Le juge instructeur a invité les parties à se déterminer sur l’expertise du 18 novembre 2014. Par courrier du 8 décembre 2014, l’OAI a confirmé ses conclusions, relevant que les conclusions de l’expertise rejoignaient celles qui avaient fondé la décision attaquée, à savoir que la recourante présentait une capacité de travail entière dans une activitée adaptée à ses limitations fonctionnelles, y compris son activité habituelle, et ne présentait de ce fait pas de préjudice économique. Par courrier du 11 décembre 2014, la recourante a quant à elle requis la mise en œuvre d’une nouvelle expertise, arguant que celle réalisée par la M.________ violait son droit d’être entendue et était de ce fait inutilisable, car elle avait été faite par des médecins non spécialistes de la maladie d’Ehlers-Danlos.

E n d r o i t :

a) Les dispositions de la LPGA (loi fédérale du 6 octobre 2000 sur la partie générale du droit des assurances sociales ; RS 830.1) s’appliquent à la LAI (loi fédérale du 19 juin 1959 sur l’assurance-invalidité ; RS 831.20) (art. 1 LAI). Les décisions sur oppositions et celles contre lesquelles la voie de l’opposition n’est pas ouverte – ce qui est le cas des décisions des offices AI cantonaux (art. 69 al. 1 let. a LAI) – sont sujettes à recours auprès du tribunal des assurances compétent (art. 56 al. 1 LPGA et art. 69 al. 1 let. a LAI). Le recours doit être déposé dans les trente jours suivant la notification de la décision sujette à recours (art. 60 al. 1 LPGA).

b) Déposé en temps utile auprès du tribunal compétent (cf. art. 93 let. a LPA-VD [loi cantonale vaudoise du 28 octobre 2008 sur la procédure administrative ; RSV 173.36]) et dans le respect des autres conditions formelles prévues par la loi (art. 61 let. b LPGA notamment), le recours est recevable en la forme, de sorte qu’il y lieu d’entrer en matière au fond.

Le litige porte sur le droit de la recourante à une rente d’invalidité.
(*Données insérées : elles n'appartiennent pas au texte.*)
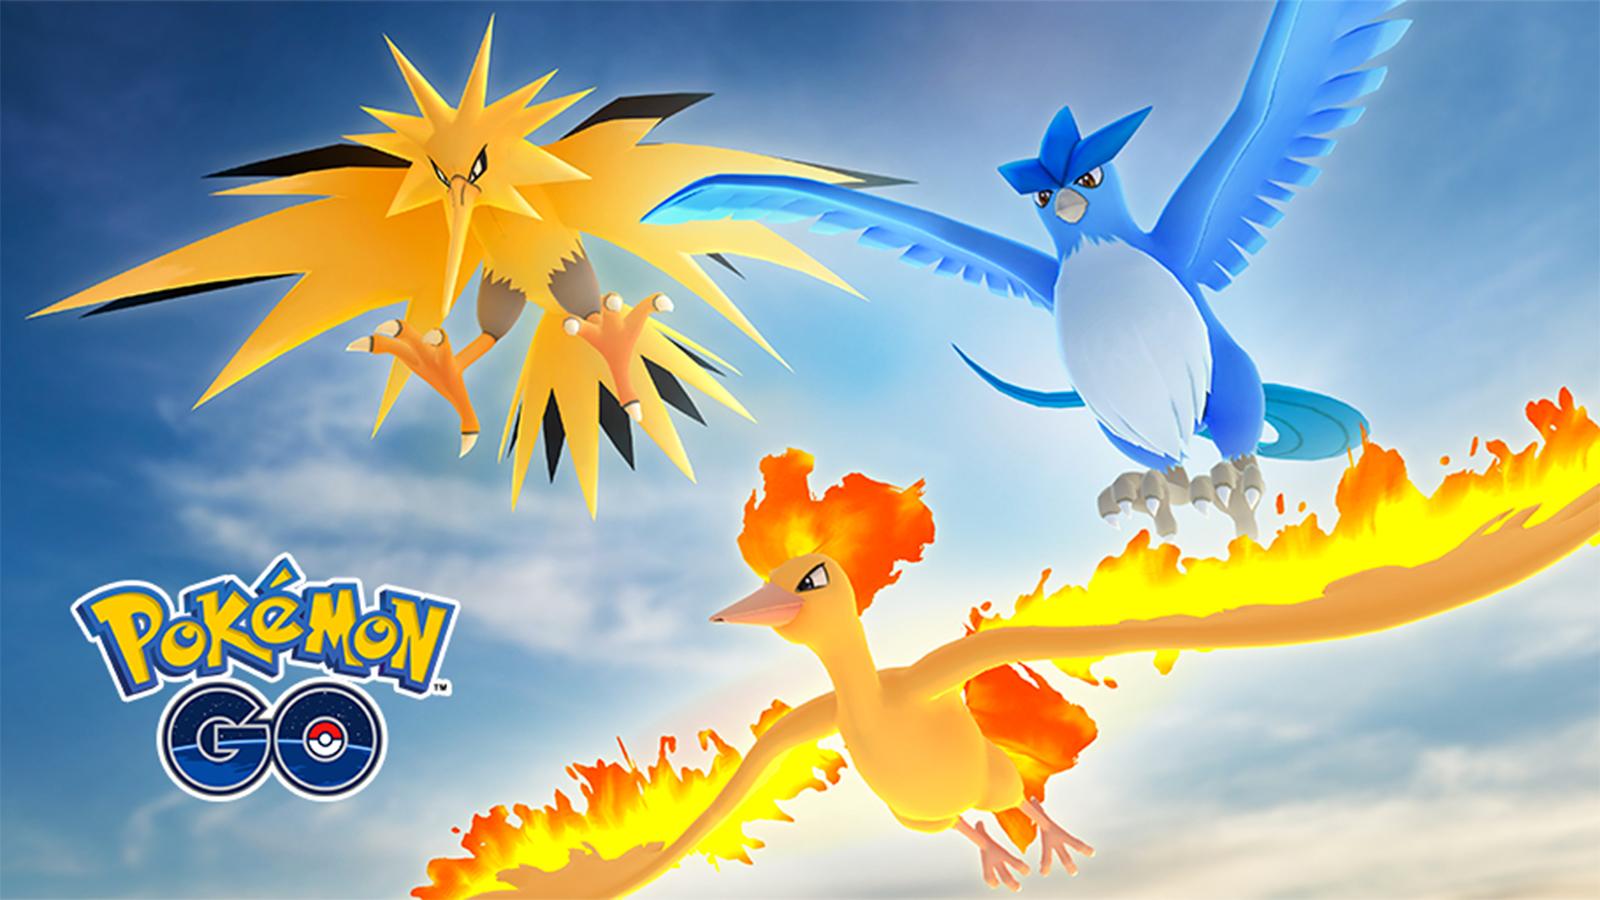 The Legendary Bird trio appearing in Pokemon Go

Singulièrement, la recourante critique l’évaluation de sa capacité de travail par l’intimé et requiert la mise en œuvre d’une nouvelle expertise, arguant que l’expertise judiciaire du 18 novembre 2014 viole son droit d’être entendue.

a) Aux termes de l’art. 28 al. 1 LAI, l’assuré a droit à une rente aux conditions suivantes :

sa capacité de gain ou sa capacité d’accomplir ses travaux habituels ne peut pas être rétablie, maintenue ou améliorée par des mesures de réadaptation raisonnablement exigibles ;

il a présenté une incapacité de travail (art. 6 LPGA) d’au moins 40% en moyenne durant une année sans interruption notable ;

au terme de cette année, il est invalide (art. 8 LPGA) à 40% au moins.

La rente est échelonnée selon le taux d’invalidité, à savoir un quart de rente pour un taux d’invalidité de 40% au moins, une demi-rente pour un taux d’invalidité de 50% au moins, trois quarts de rente pour un taux d’invalidité de 60% au moins, et une rente entière pour un taux d’invalidité de 70% au moins (art. 28 al. 2 LAI)

b) Pour évaluer le taux d’invalidité, le revenu que l’assuré aurait pu obtenir s’il n’était pas atteint dans sa santé (revenu sans invalidité) est comparé avec celui qu’il pourrait obtenir en exerçant l’activité qui peut encore raisonnablement être exigée de lui après les traitements et les mesures de réadaptation, sur un marché du travail équilibré (revenu d’invalide). C’est la méthode ordinaire de comparaison des revenus (art. 16 LPGA et 28a al. 1 LAI). En cas d’incapacité de travail de longue durée dans la profession ou le domaine d’activité d’un assuré, l’activité qui peut être exigée de lui peut aussi relever d’une autre profession ou d’un autre domaine d’activité (art. 6 LPGA).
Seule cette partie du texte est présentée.